Struggling to feel your glutes working? The glute bridge is the ultimate beginner-friendly exercise to activate and grow your booty, whether you're at home or in the gym.
What muscles does the Glute Bridge work?
- Gluteus Maximus — The main muscle of your booty, responsible for hip extension.
- Hamstrings — The back of your thighs, which assist in pushing your hips up.
- Core — Stabilizes your spine and pelvis during the movement.
How to do a Glute Bridge — step by step
- Lie flat on your back on a yoga mat with your knees bent and feet flat on the floor, about hip-width apart.
- Keep your arms resting at your sides with your palms facing down.
- Tuck your pelvis slightly to flatten your lower back against the floor.
- Push through your heels and squeeze your glutes to lift your hips off the floor until your body forms a straight line from your shoulders to your knees.
- Hold the top position for 1–2 seconds, squeezing your booty hard.
- Slowly lower your hips back down to the starting position with control.
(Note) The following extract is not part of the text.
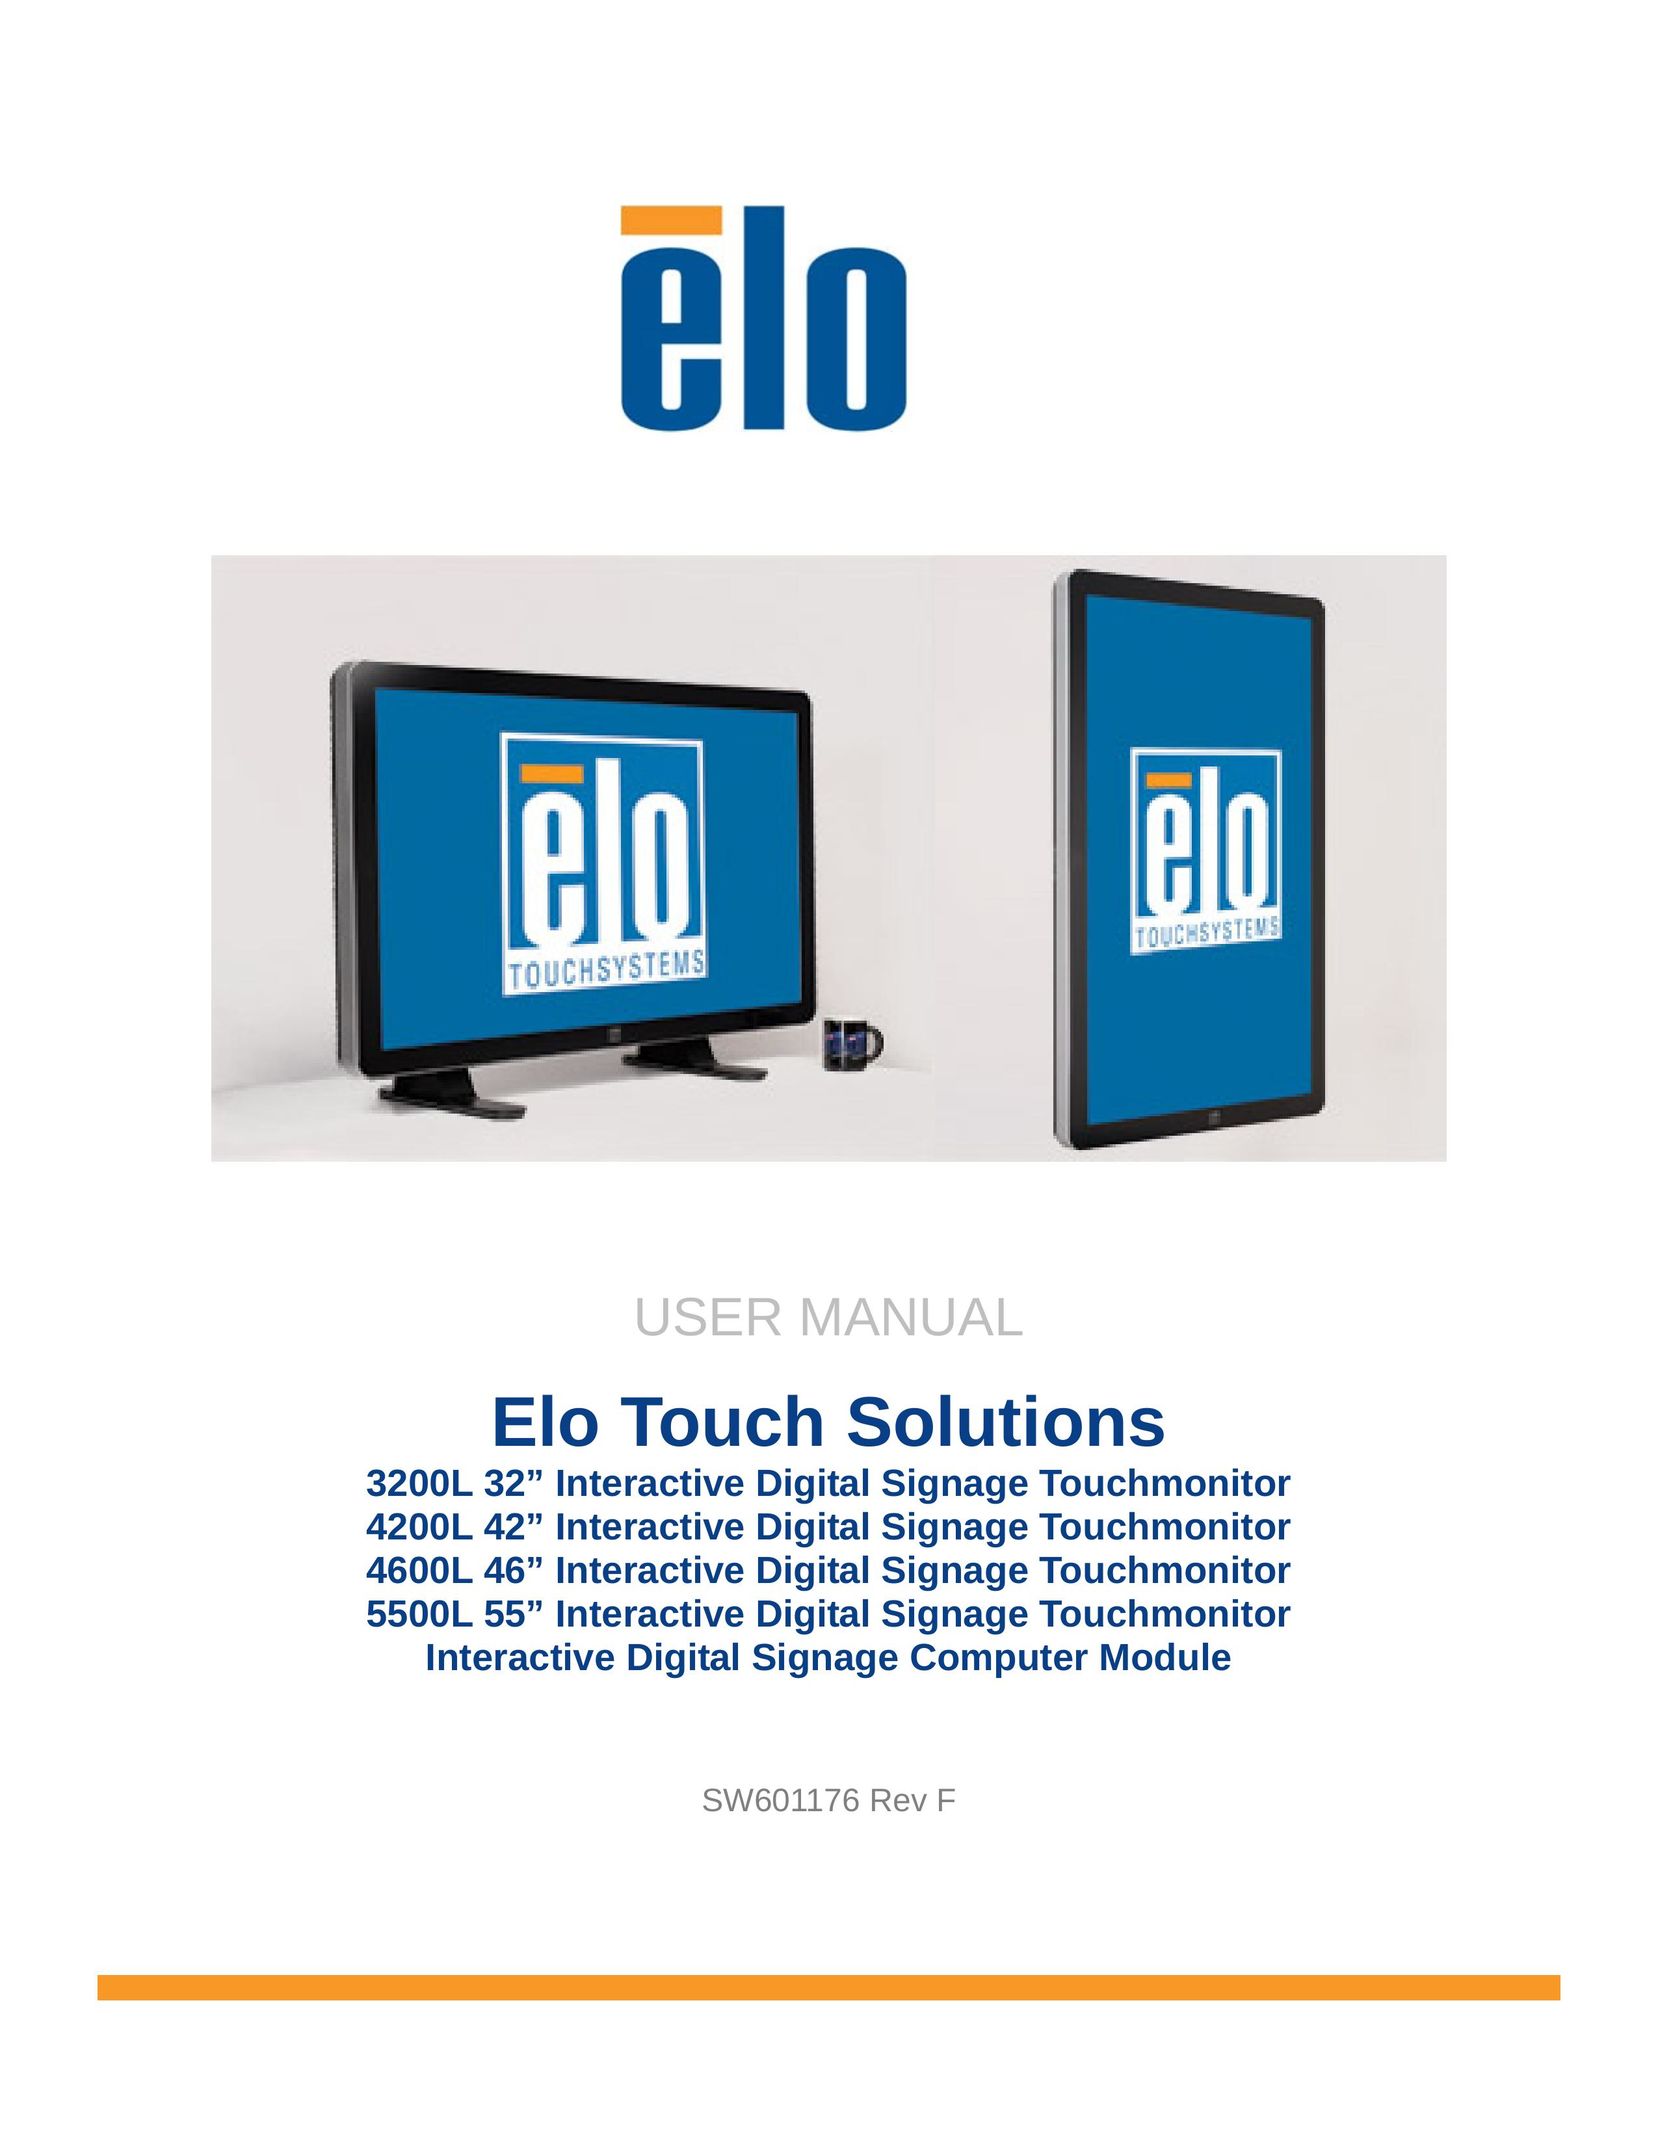 Elo TouchSystems 4600L Car Video System User Manual

Intermediate & Advanced Variations
- With a Dumbbell (Intermediate): Place a dumbbell or kettlebell across your hip bones. Hold it securely with your hands and perform the bridge, pushing against the extra resistance.
- Barbell Glute Bridge (Pro): Use a barbell with a pad across your hips. This allows you to load significantly more weight than a dumbbell, leading to massive hypertrophy.
Common mistakes (and how to fix them)
- Arching the lower back: Don't push your belly up to the ceiling. Instead, keep your ribs down and squeeze your glutes to lift your hips.
- Pushing from the toes: If you push through your toes, you'll feel it in your quads. Push strictly through your heels to activate the booty.
- Rushing the movement: Bouncing up and down removes the tension from the glutes. Always hold for a full second at the top.
Sets and reps guide
| Goal | Sets | Reps | Rest |
|---|---|---|---|
| Beginner (Bodyweight) | 3 | 15–20 | 60s |
| Intermediate (Weights) | 3 | 10–15 | 90s |
| Advanced (Pro) | 4 | 8–12 | 120s |
Pro tip
If you still struggle to feel your glutes, try lifting your toes completely off the floor inside your shoes. This forces 100% of the drive through your heels and absolutely torches the gluteus maximus.